If it didn't we'd change the change code and the next time (and forever onward) it would catch that case too.

Now we're playing wack-a-mole and pleading with words like "CRITICAL" and bold text to our in .cursorrules to try and make the LLM pay attention, maybe it works today, might not work tomorrow.

Meanwhile the C-suite pushing these tools onto us still happily blame the developers when there's a problem.

1 comments

> It's great, some of the time, the great draw of computing was that it would always catch the silly things we do as humans.

People are saying that you should write a thesis-length file of rules, and they’re the same people balking at programming language syntax and formalism. Tools like linters, test runners, compilers are reliable in a sense that you know exactly where the guardrails are and where to focus mentally to solve an issue.

This repo [1] is a brilliant illustration of the copium going into this.

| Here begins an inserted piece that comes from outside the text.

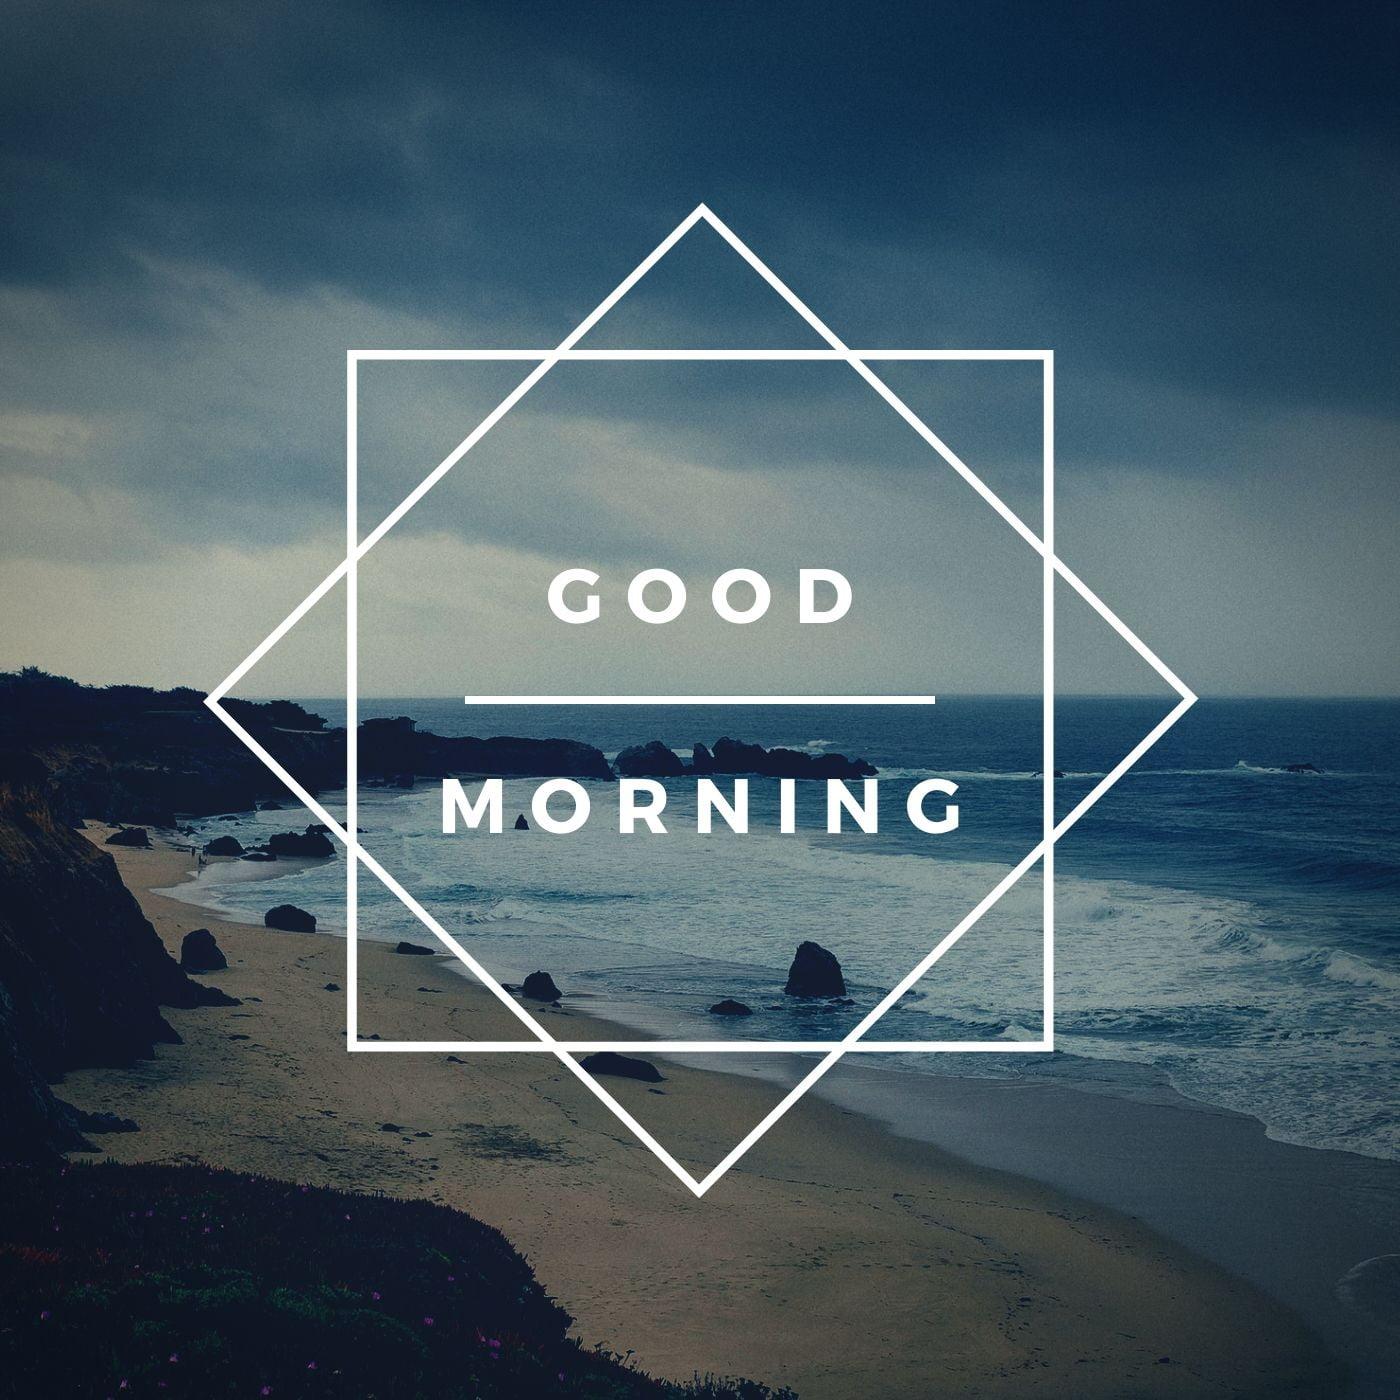 Good Morning Beach Nature Image full HD free download.

Third line of the Claude prompt [2]:

IMPORTANT: You must NEVER generate or guess URLs for the user - Who knew solving LLM hallucinations was just that easy?

IMPORTANT: DO NOT ADD ***ANY*** COMMENTS unless asked - Guess we need triple bold to make it pay attention now?

It gets even more ludicrous when you see the recommendation that you should use a LLM to write this slop of a .cursorrules file for you.